MUSICAL HEROINE for the WORLD

113 min. | PG

“There must be more than this provincial life!” So goes the melancholy cry of the Disney princess. But it becomes so much bigger in Moana, another triumph for the company’s animation arm. Sweet, funny, exciting and moving, this transcendent experience brings to screen a pan-Polynesian cultural tradition that has been entirely absent from mainstream entertainment.

Here is a wonderful mythology of demons and demigods, and a creation story unlike any we’ve seen before. This ancient fantasy feels fresh because so few of us have been exposed to it before—European-flavored fantasies and Judeo-Christian creation myths get all the play. But Moana’s story, set thousands of years ago, also has much to say about us today.

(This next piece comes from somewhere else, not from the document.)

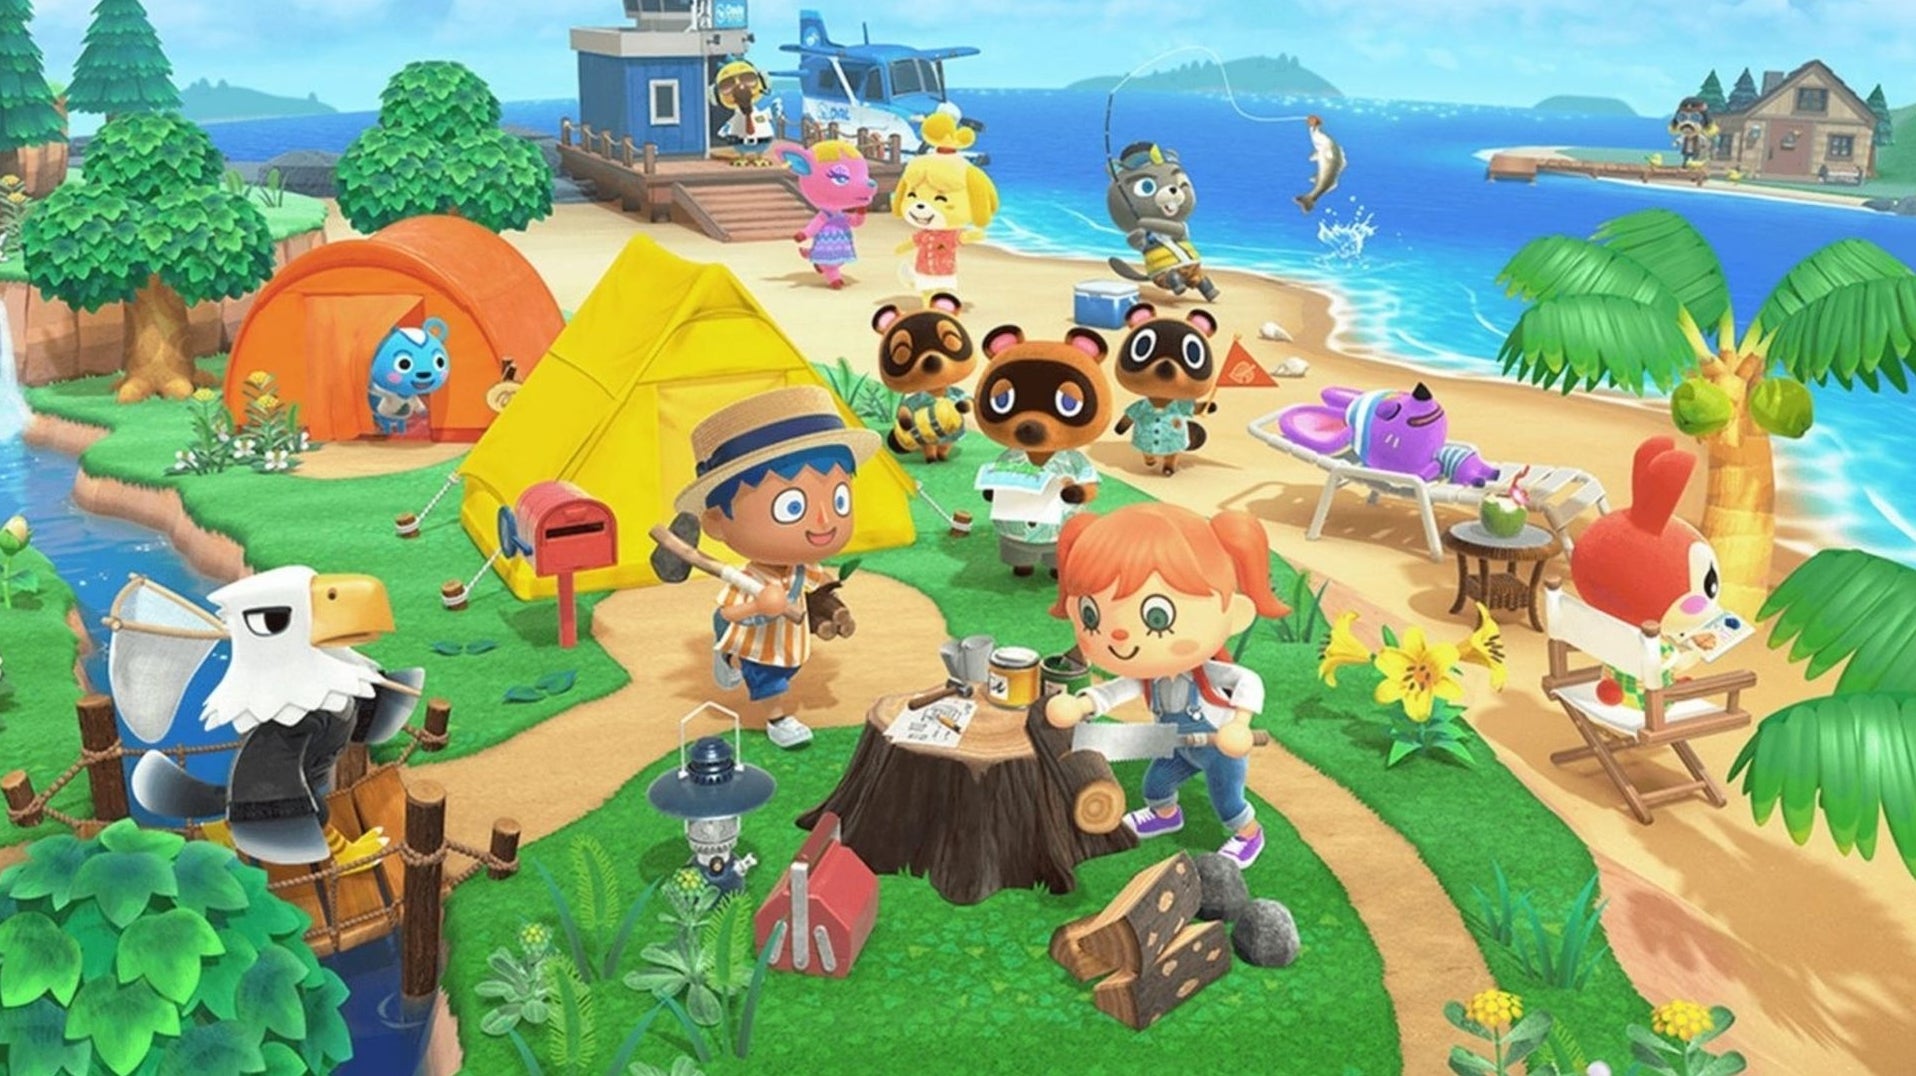 Immagine di Animal Crossing: New Horizons per Nintendo Switch disponibile su Amazon con un'offerta imperdibile!

The heroine isn’t just a girl longing to see new horizons. Yes, Moana is driven to find out what lies beyond the reefs off her South Pacific island paradise. What makes her special is how she will achieve this: She is chosen by the ocean itself as a reward for a kind act, to take on a quest involving a dangerous journey that could save her island and her people.

There is, in the grand Disney tradition, much soul-searching and lots of “be yourself” encouragement, but we’ve never seen anything like how that takes shape here via Moana (the voice of newcomer Auli’i Cravalho). She wonders why she dreams of doing something that her father, Chief Tui, insists cannot be attempted. But then, in an astonishing sequence, Moana experiences a vision of the past, of her people as daring explorers who crossed vast oceans, who were brave and intrepid, not confined by comfort. Moana embodies a spirit that has been denied for too long.

The adventure that Moana embarks upon requires her to find the trickster demigod Maui, who long ago stole the heart of the Earth mother, which caused bad things to happen and darkness to spread. The heart needs to be put back, and only Maui can do that with his magic. When Moana finds him, she discovers an arrogant jerk (the voice of Dwayne Johnson) with no desire to help humanity, certainly not after how ungrateful we are for everything he did for us—roped in the sun, set the tides, etc. She convinces him that it’s in his best interest to help her.

Disney’s incomparable way of combining goofiness with profundity reaches hugely entertaining new levels here. Maui’s animated tattoos, which act as his conscience, are characters in their own right. In a realm of monsters, Moana and Maui meet a spectacularly vain villain who is both a comic distraction and a cautionary tale.

That the animation is splendid goes without saying. And the songs, oh the songs! As a musical, this may be the best Disney entry since the heyday of Alan Menken and Howard Ashman in the 1990s, or at least since The Lion King, thanks to Samoan-New Zealander singer-songwriter Opetaia Foa’I, Mark Mancina (The Lion King); and Hamilton’s Lin-Manuel Miranda. Dwayne Johnson gets a hilarious song. Turns out The Rock has a very pleasant singing voice.

Ultimately, Moana’s quest, the wrong she must put right, has an applicable message for us today: Do not piss off Mother Earth… but it’s never too late to fix the mess. If Moana becomes an inspiration for youngsters to become the green warriors of tomorrow, she may end up embodying the spirit not just of her Polynesian peoples but of all of us.